И вспомнил тахту. Такую, какую увидит, придя домой. Разбросанные в судорогах совокупления простынки, скомканные подушки, раскиданные по полу вокруг майка, трусы, носки. Сырцов аж вслух застонал от отвращения.

А потом птичку-колибри вспомнил. И аккуратную такую -прямо-таки изящная геометрическая фигура — дырку с лучиками в стекле окна. Подсознательно дырка эта и не забывалась вовсе, жила в нем постоянно тревожным звонком поджидающей всюду смертельной опасности.

С появлением этой аккуратной дырочки бытовое его существование осложнилось до невозможности. Ни войти в дом по-человечески, ни выйти.

Сырцов оставил «девятку» у Садового кольца и к дому пробрался не многим известным путем: через подъезд серо-синего дома на Садовой, а далее закрытым двориком, из которого был уже никому не известный выход к его подъезду — подвал, ремонтировавшийся беспечными предпринимателями. Для успокоения Сырцов помочился в подвале на свежештукатуренную стенку и одним броском достиг многолистного и толстого вяза, от которого до дверей было метров пять. Не успеют, если что, не должны успеть!

Меж дверей, подождав недолго, быстро набрал код и, ворвавшись в вестибюль, кинул себя на пол, попутно выдернув из-под мышки родимый «байард». Пол был прохладен, а вестибюль пуст.

Последняя возможная засада — в его квартире. Уходя вчера вечером, он просто захлопнул дверь, так что держал ее сейчас лишь английский замок. Стоя далеко сбоку, Сырцов, медленно повернув ключ, ударом ноги распахнул дверь и сжался в комок в бетонном уголке.

Потом, посвистывая, ходил по пустой квартире, гасил свет (он вчера его нарочно оставил), ликвидировал всяческое безобразие и скромно ликовал: хотя бы сегодня неприятностей не будет.

И ликовал зря, и насчет неприятностей ошибался. Бурно ожил телефон. Поколебавшись, снял трубку. Если Светлана, пошлет подальше.

— У вас что, любовница в Звенигороде живет? — недовольно спросила студентка Люба.

— Почему в Звенигороде? — задал тупой вопрос вышибленный из седла Сырцов.

— Вчера весь вечер и всю ночь звонила, сегодня с утра беспрерывно наяриваю, а вы, несносный ловелас, на лоне природы, как сомовский Маркиз, в любовные игры играете.
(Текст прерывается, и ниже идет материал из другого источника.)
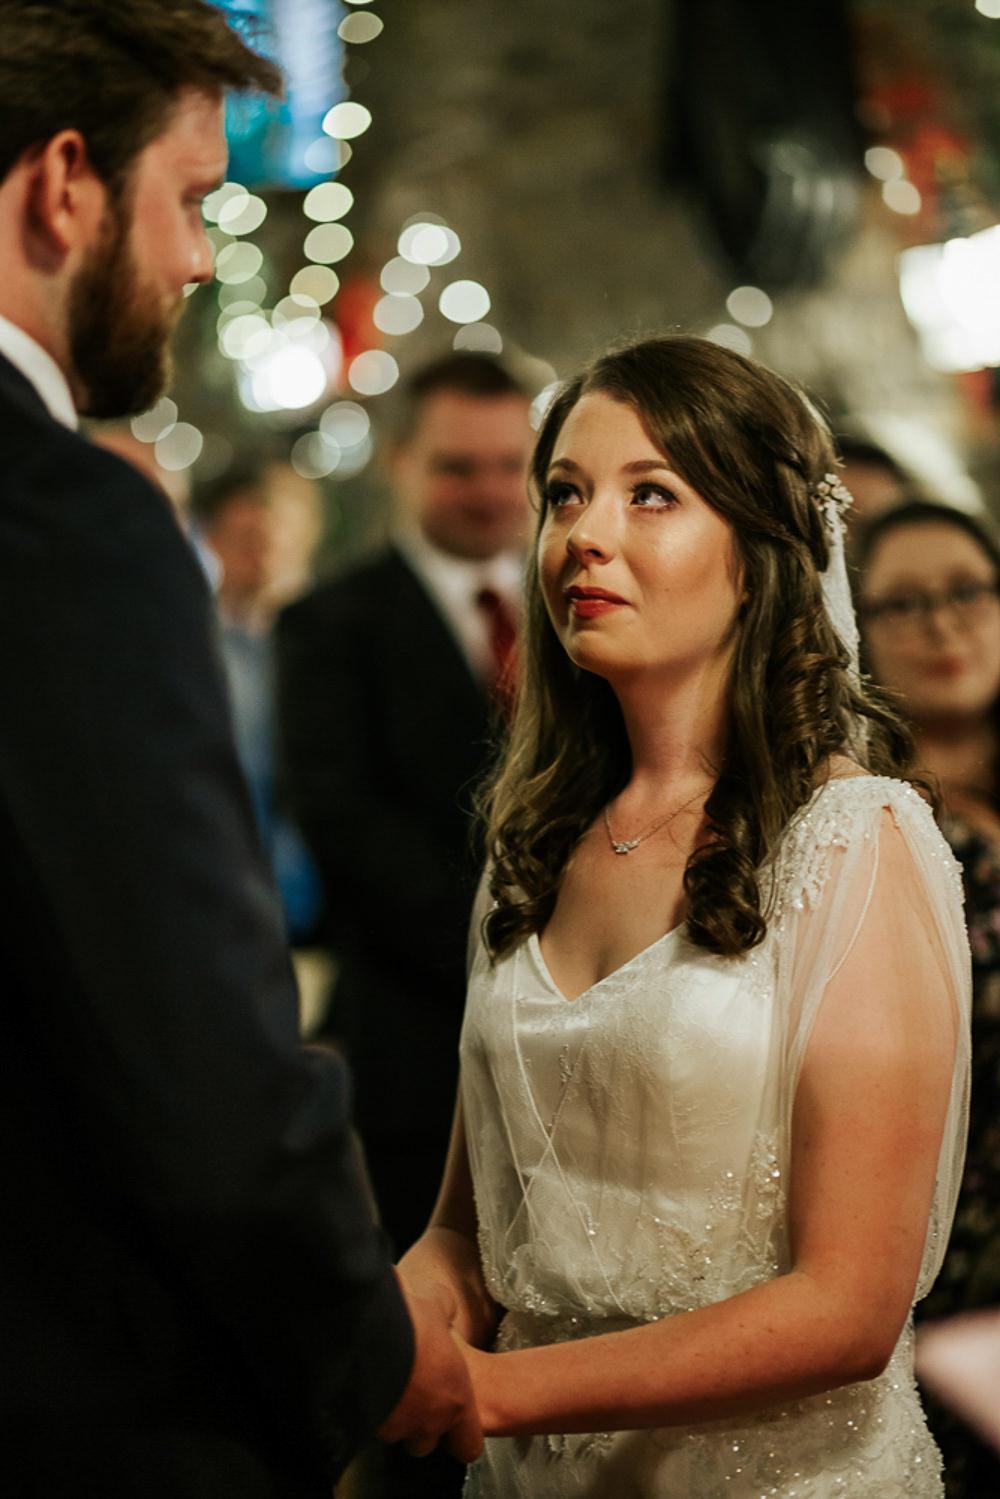 Bride Bridal Dress Cape Sleeve V Neck Lace Embellished Groom Burnt Orange Tie Black Suit Veil Cubley Hall Wedding Photography by Charli

Сырцов пришел в себя и оскалился, как щука.

— Фразочку-то долго, наверное, придумывала?

— Долго. Времени-то у меня навалом было.

— Случилось что-нибудь, Люба?

— Случилось. У меня ухажер новый появился.

— Я серьезно, Люба.

— И я серьезно. Сначала незаметно ходил за мной с самого раннего утра, не делая никаких попыток познакомиться, а когда понял, что я его засекла, сразу же пристал как бы от обуревающих его чувств.

— А может, они его и вправду обуревают?

— Я что, обуреваемого от необуреваемого не отличу?

— Я — обуреваемый или необуреваемый?

— Вы — беспечный и легкомысленный. Неужели не понимаете, что за всеми этими подходцами одно — поиск Ксюши.

— Давайте, Любаша, про подходцы.

— Подходцы — элементарные: вроде он меня давно уже заприметил, месяца полтора как, а подойти от застенчивости боялся потому, что я чаще всего с подружкой была, с высокой такой, худенькой брюнеткой. А теперь брюнетки нет, и он подошел. И сразу же поинтересовался, не поссорились ли мы с брюнеткой.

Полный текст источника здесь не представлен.